Tokyo University’s Researchers Have Devised a “Digital Court” Mechanism Using Blockchain Technology

The “Digital Court” Mechanism

Researchers have introduced a new way to perform legal functions in the form of “Digital Court”. Researchers from the University of Tokyo and the University of British Columbia have worked together to develop a “digital court” mechanism by utilizing blockchain technology.


Professors Hitoshi Matsushima from the University of Tokyo’s Department of Economics and Shunya Noda from the University of British Columbia’s Vancouver School of Economics used blockchain technology to design this mechanism. This mechanism has been developed on the basis of the existing idea of smart contracts.

This blockchain-powered digital court mechanism has been created for the purpose of settling legal disputes ‘without the need for a costly legal process’.

The areas of auctions, business contracts, and sales could make use of this mechanism.

How the digital court mechanism works

Professor Hitoshi Matsushima explains the working process of this blockchain-powered digital court mechanism in a press release published on April 6, 2020.

According to Hitoshi Matsushima, the digital court is designed to identify and punish those parties ‘who deviate from legal obligations’.

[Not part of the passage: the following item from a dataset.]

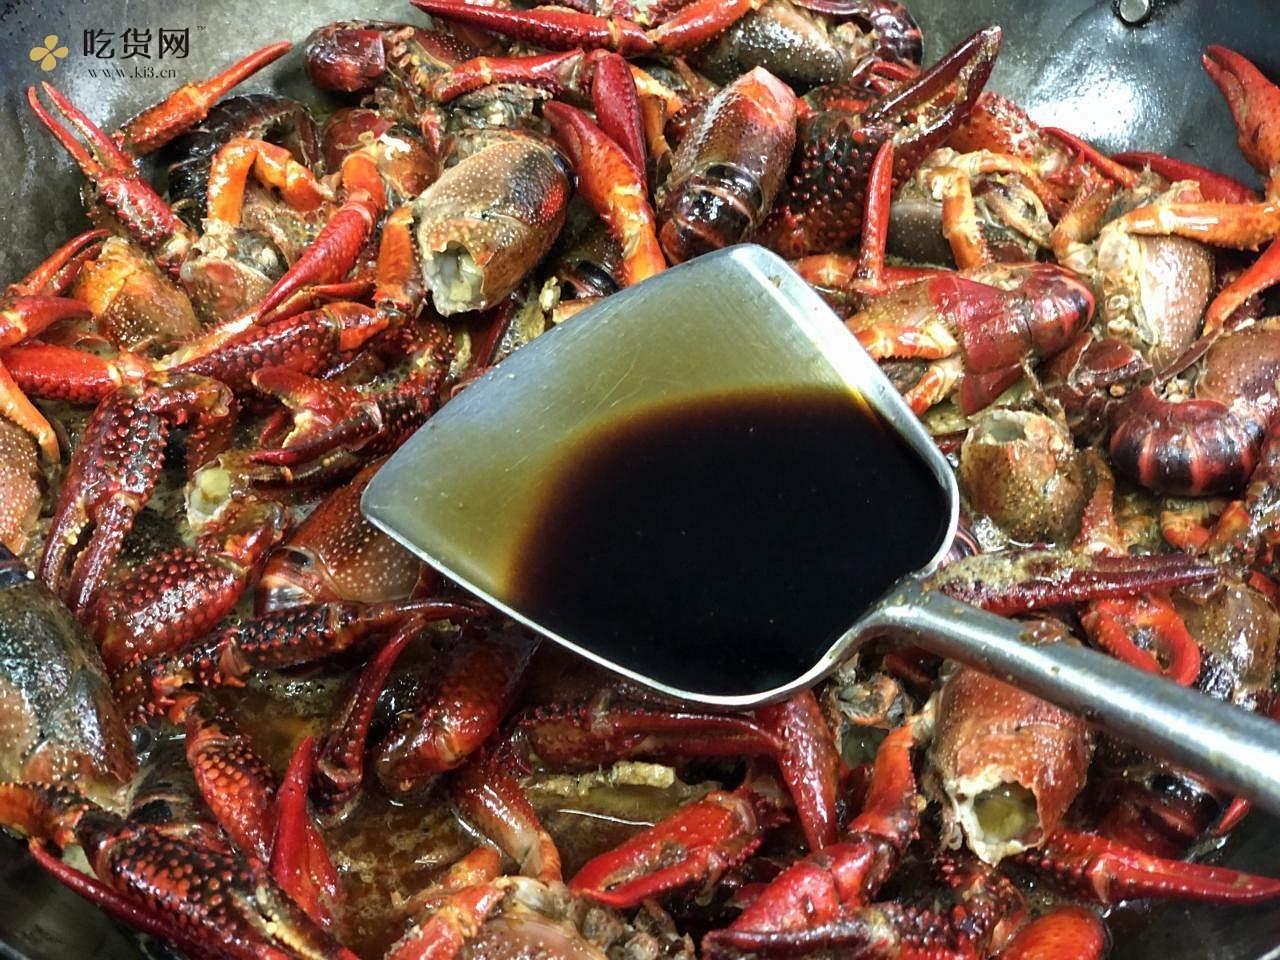 麻辣小龙虾-夏天的味道的做法 步骤6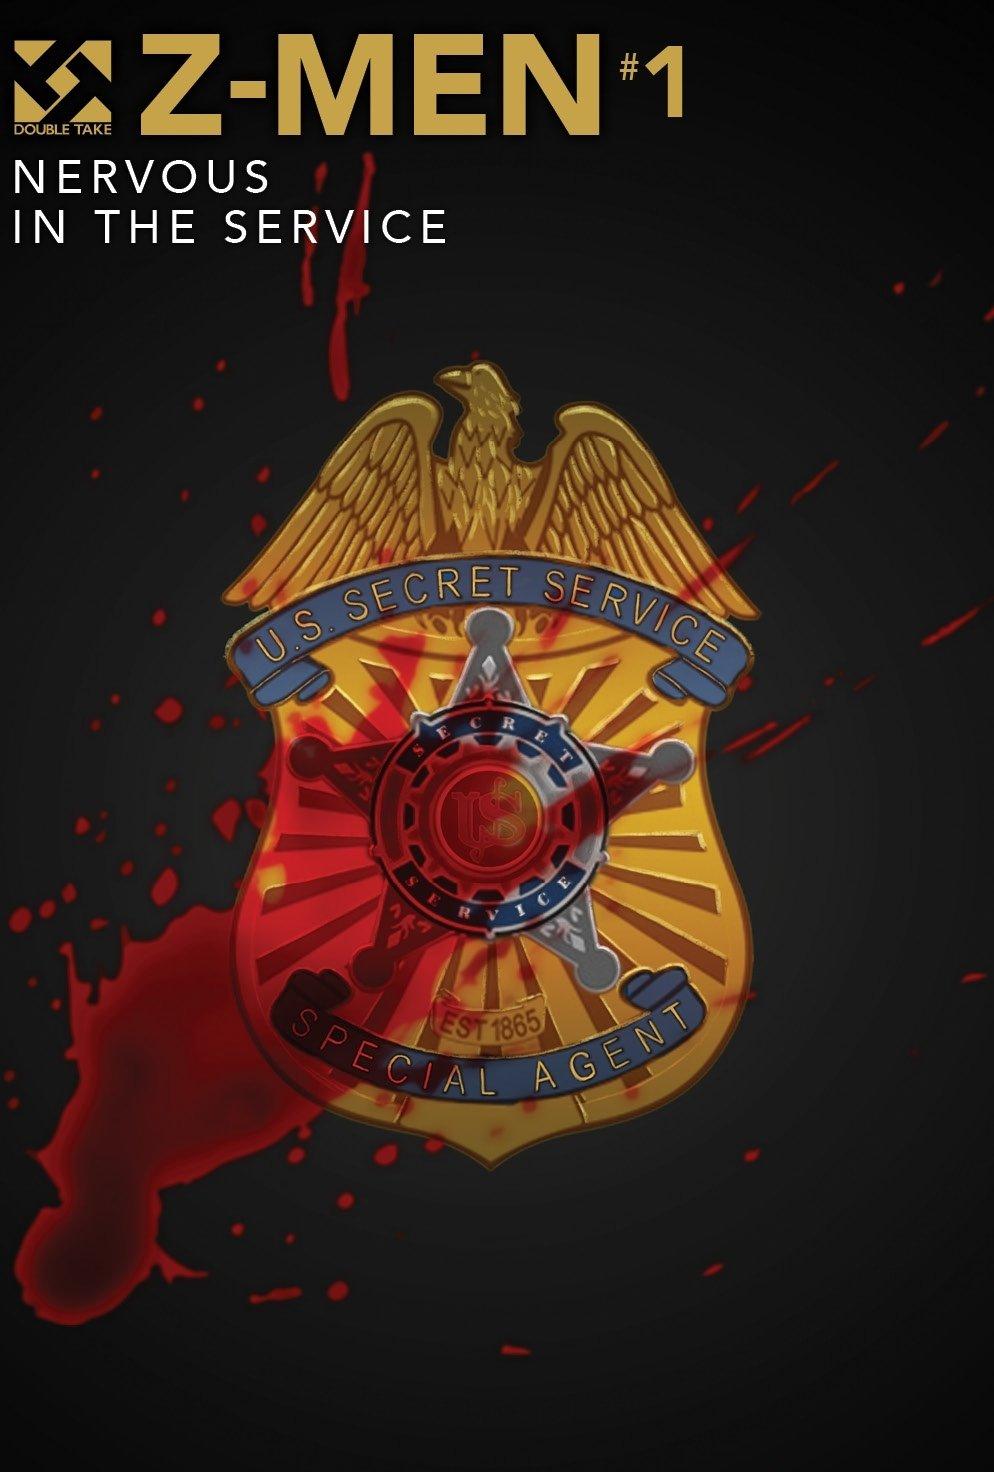 Take-Two готовит кино про спецслужбы в мире «Живых мертвецов» Ромеро - Изображение 1

Matsushima explained digital court in the followings words:

“We designed a digital court which identifies and punishes parties who deviate from legal obligations such as commercial activities but could potentially be any kind of agreement. On suspected violation of some agreement, those involved post their opinions to this digital court. The court algorithmically aggregates the parties’ opinions and judges who violated their agreement. If the digital court judges that a party violated the agreement, the party is fined by withholding a deposit made during the initial agreement.”

Moving ahead, Matsushima highlighted the importance of having a system like the “digital court” mechanism and says that mostly, some of the stages involved in the process occur away from the blockchain which ensures privacy.

“There is a lot of complicated maths involved behind the scenes which end-users would not need to be aware of. But providing there are more honest users than dishonest ones, which fortunately in the real world does seem to be the case, then only those who violate agreements or provide false information are punished. Honest users incur only minute costs for use of this system,” adds Matsushima.